**Task description**
This exercise calls for retyping every line below exactly, with the images omitted.

**Information provided**

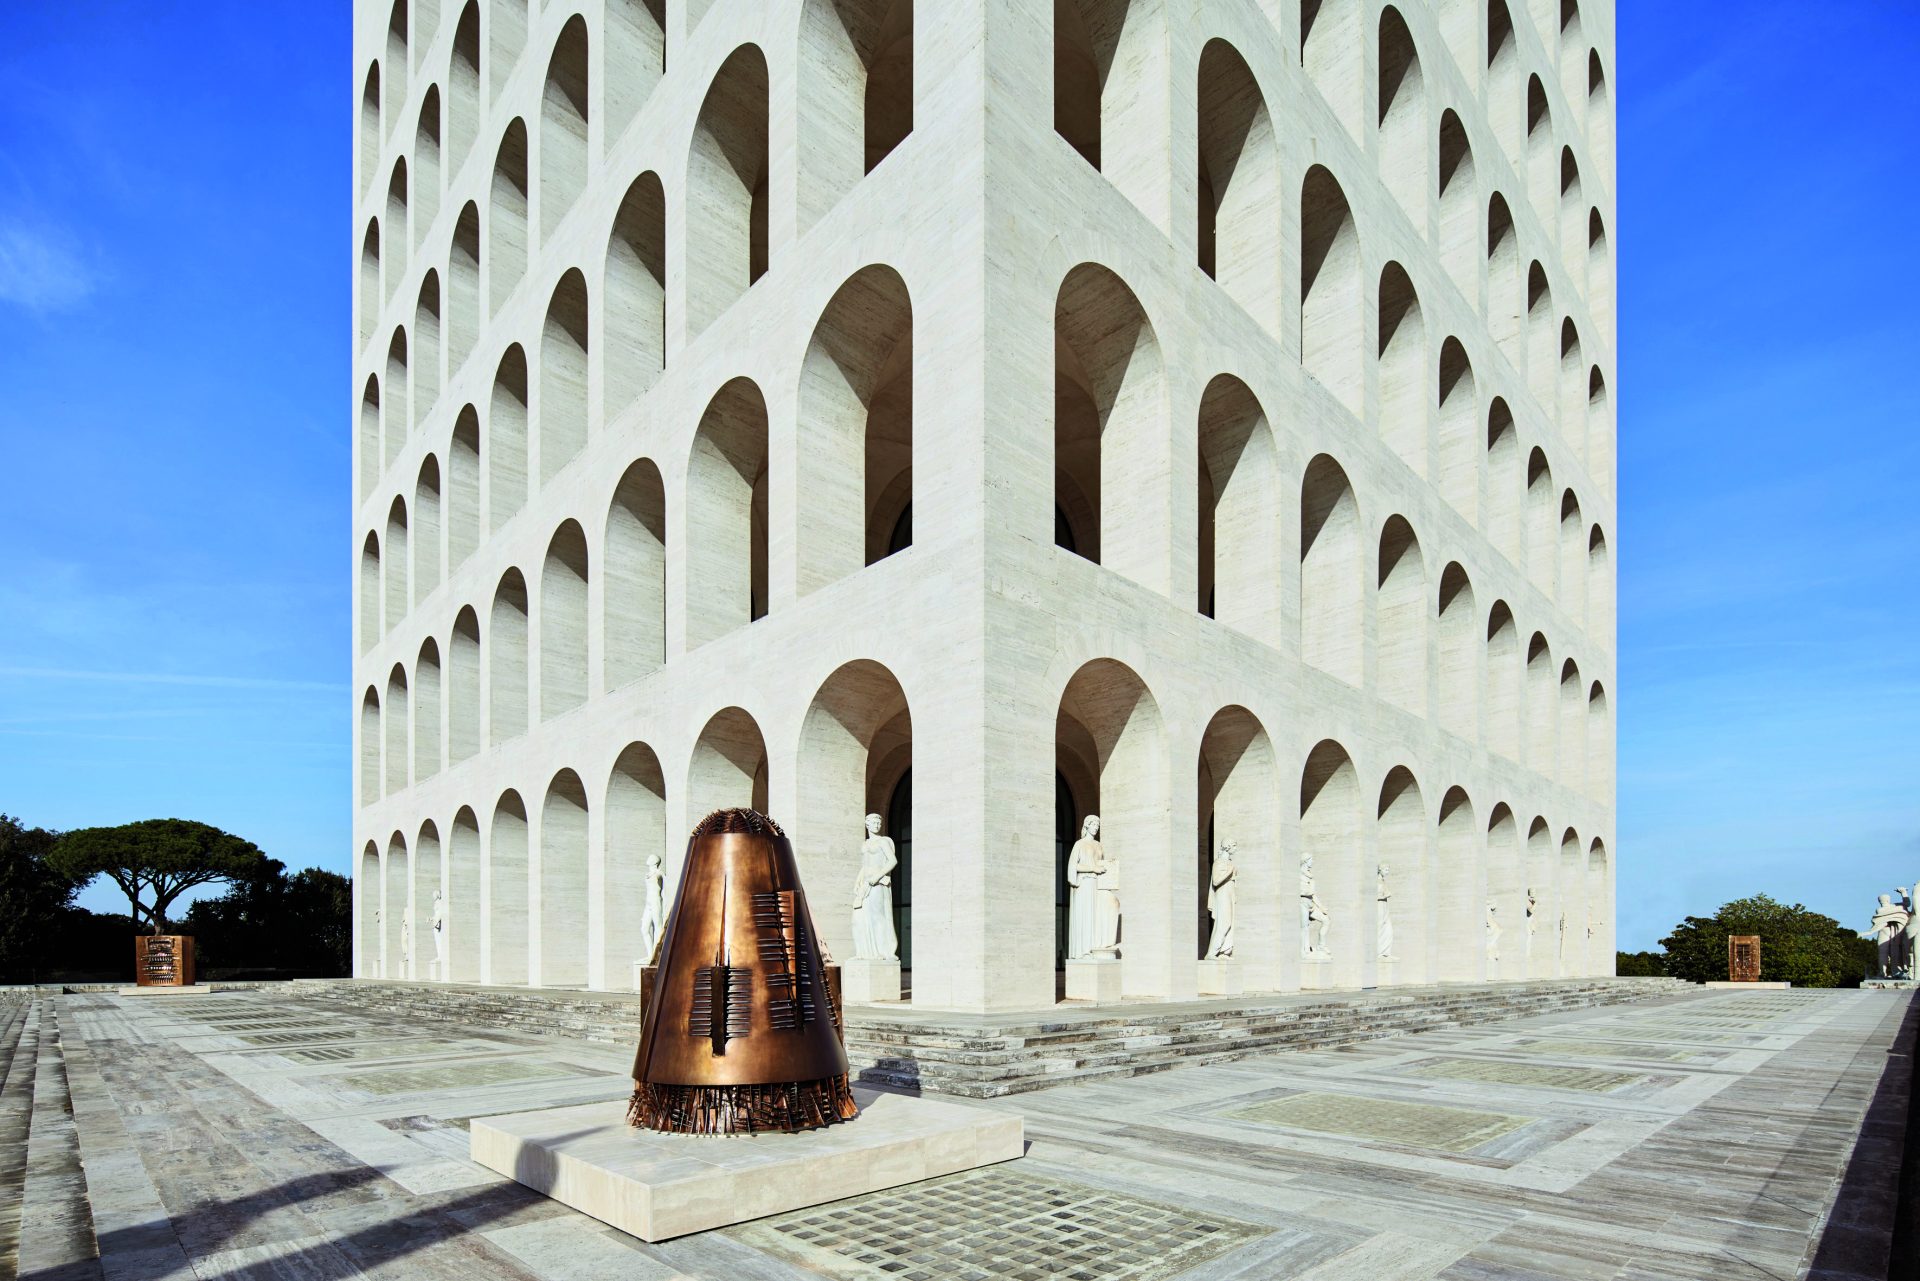 palazzo fendi omotesando modernizes classic roman architecture and
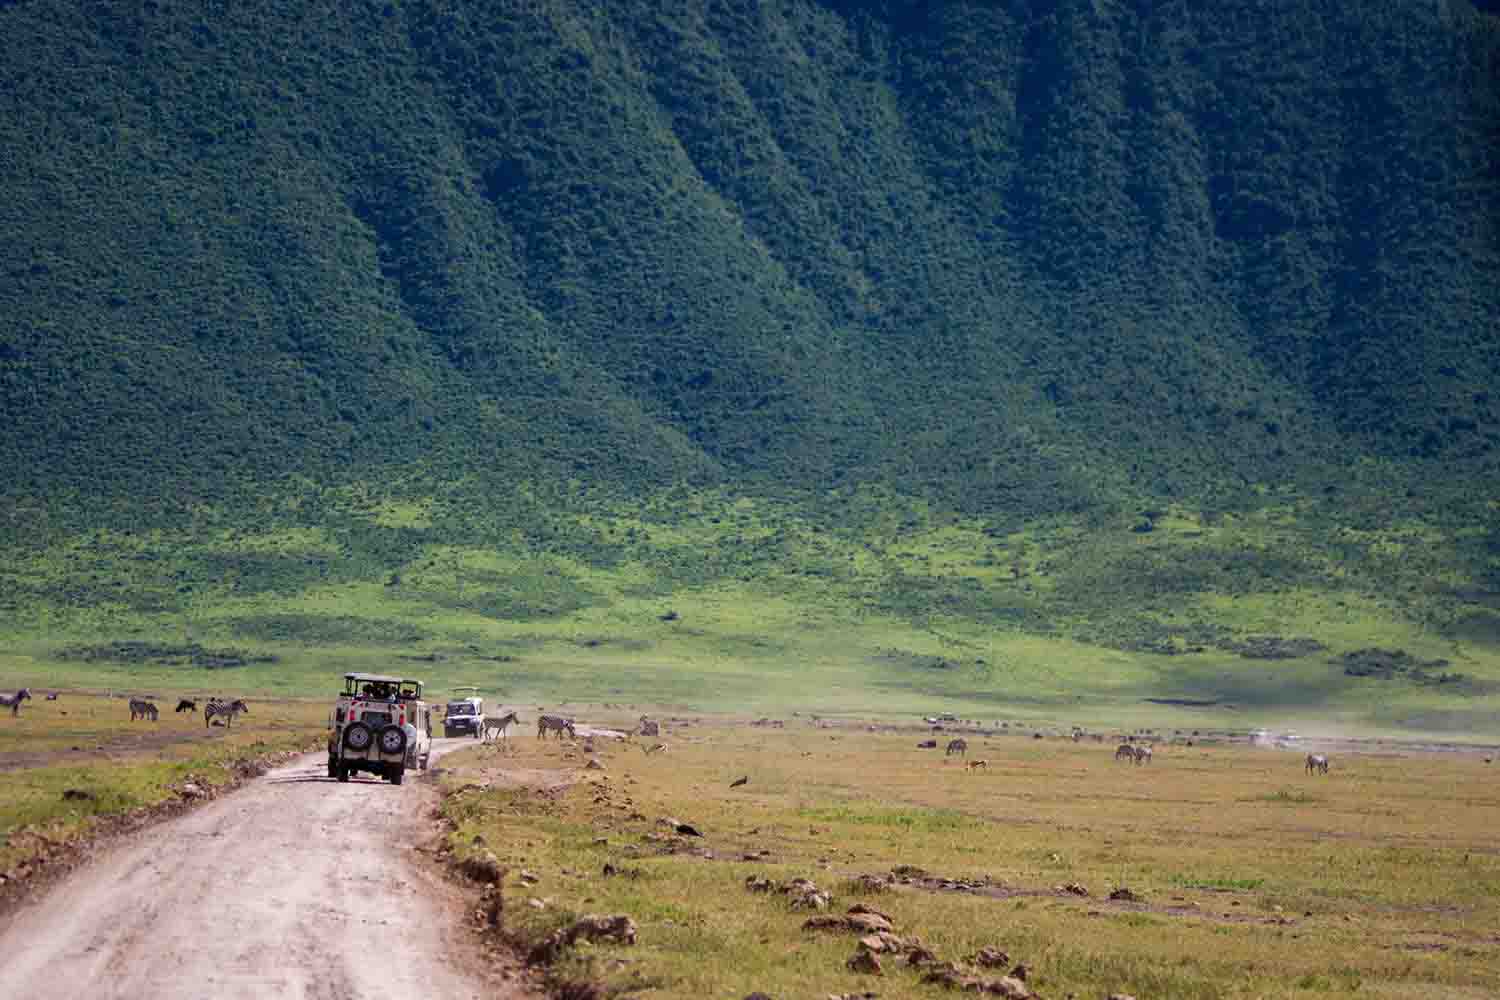 Landscapes of the Ngorongoro crater, Ngorongoro national park
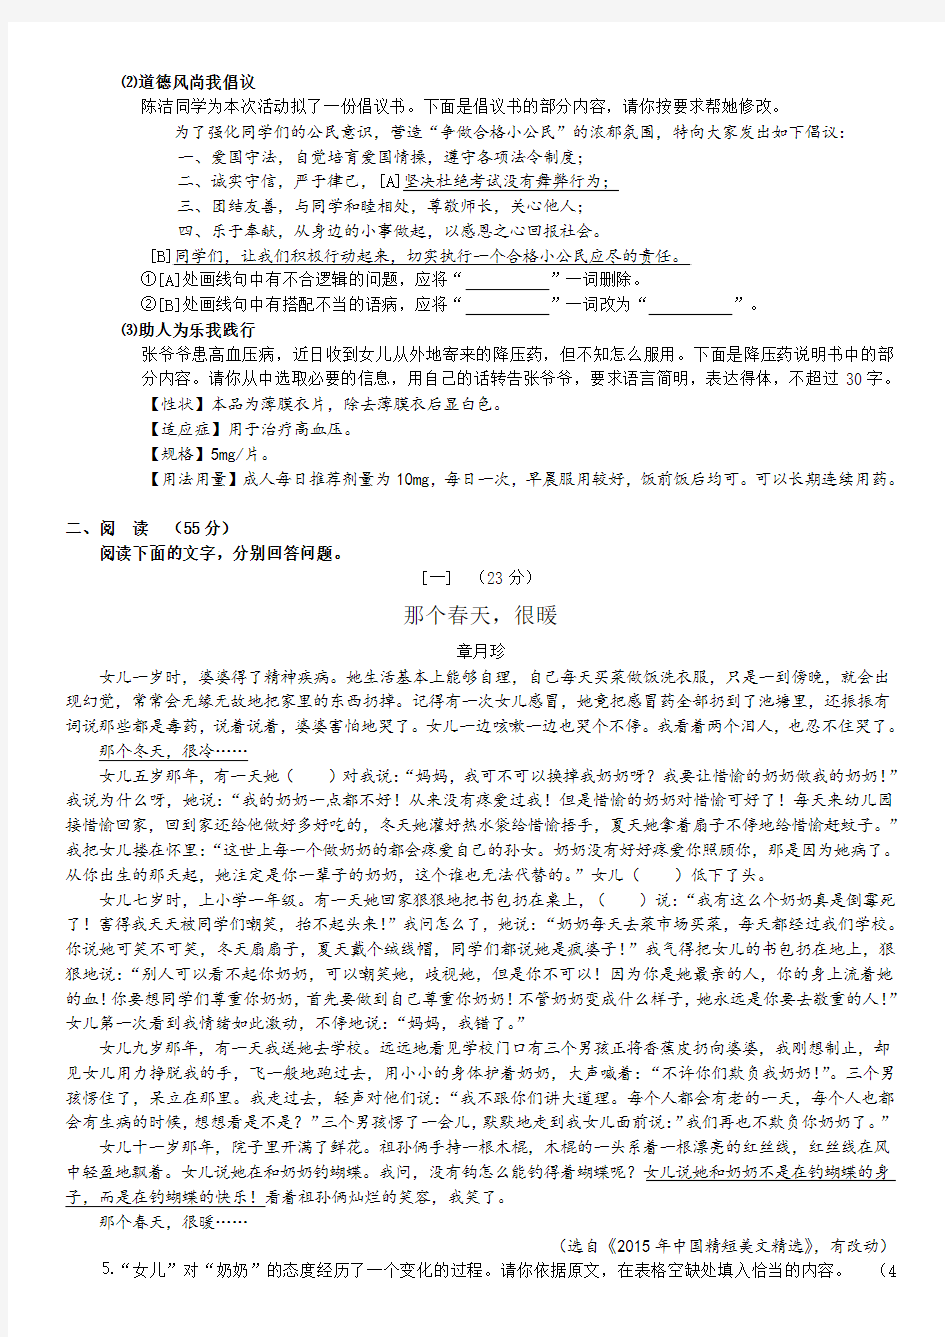 2016年安徽省中考语文试题(打印版,含答案)
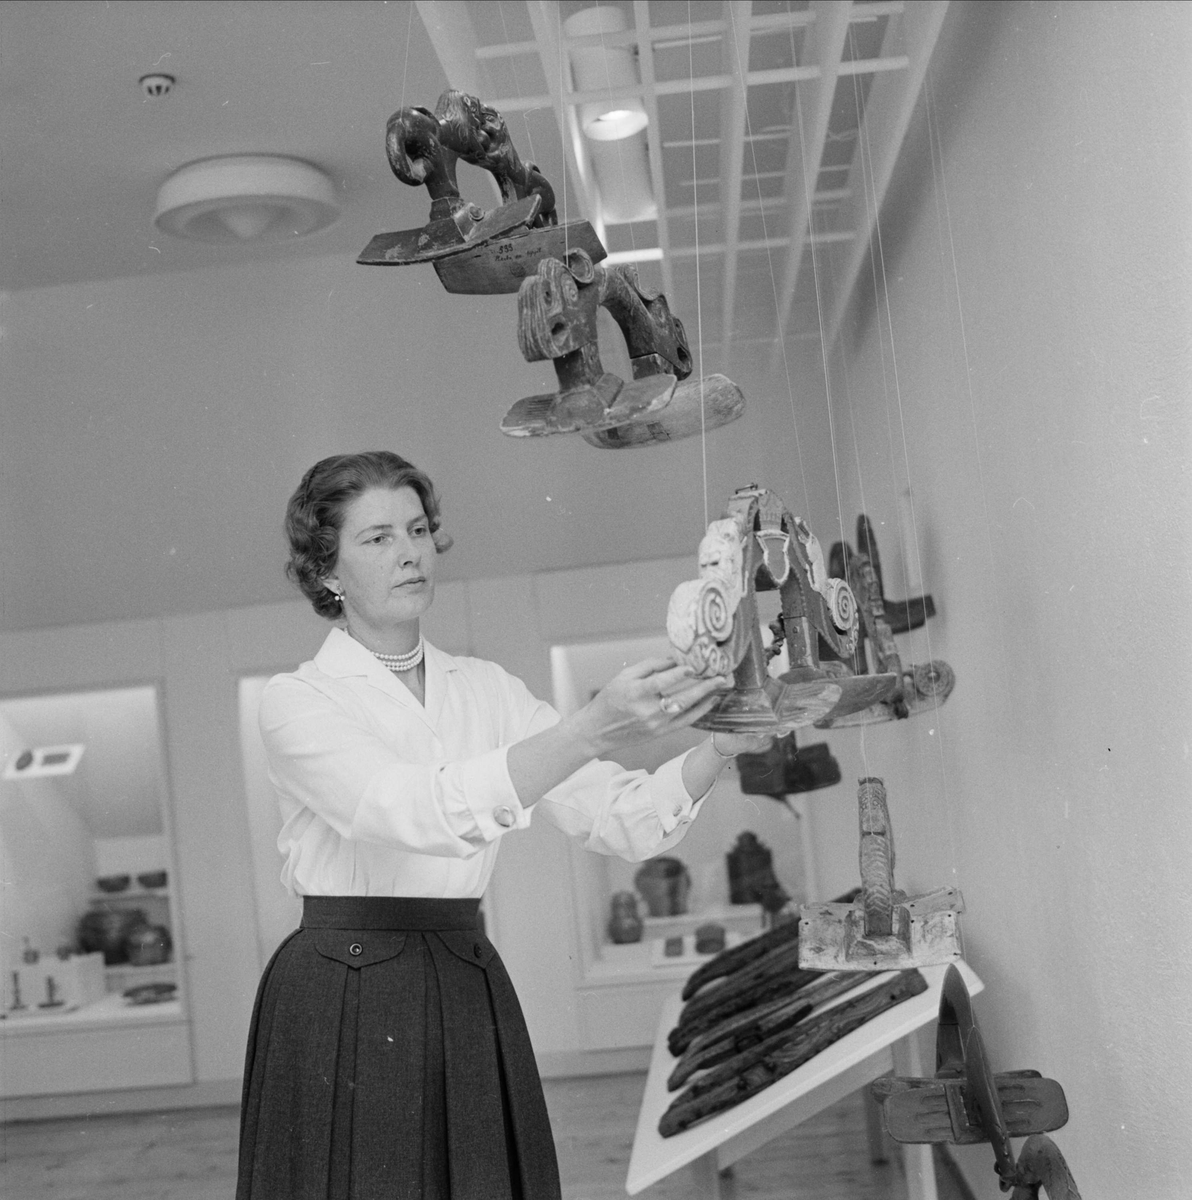 Anna-Märta Berg i galleriet för folkkonst på Upplandsmuseet som "slår upp portarna till stilfull kontakt med kultur", Uppsala juni 1959

**Your solution**
 palazzo fendi omotesando modernizes classic roman architecture and
 Landscapes of the Ngorongoro crater, Ngorongoro national park
 2016年安徽省中考语文试题(打印版,含答案)
 Anna-Märta Berg i galleriet för folkkonst på Upplandsmuseet som "slår upp portarna till stilfull kontakt med kultur", Uppsala juni 1959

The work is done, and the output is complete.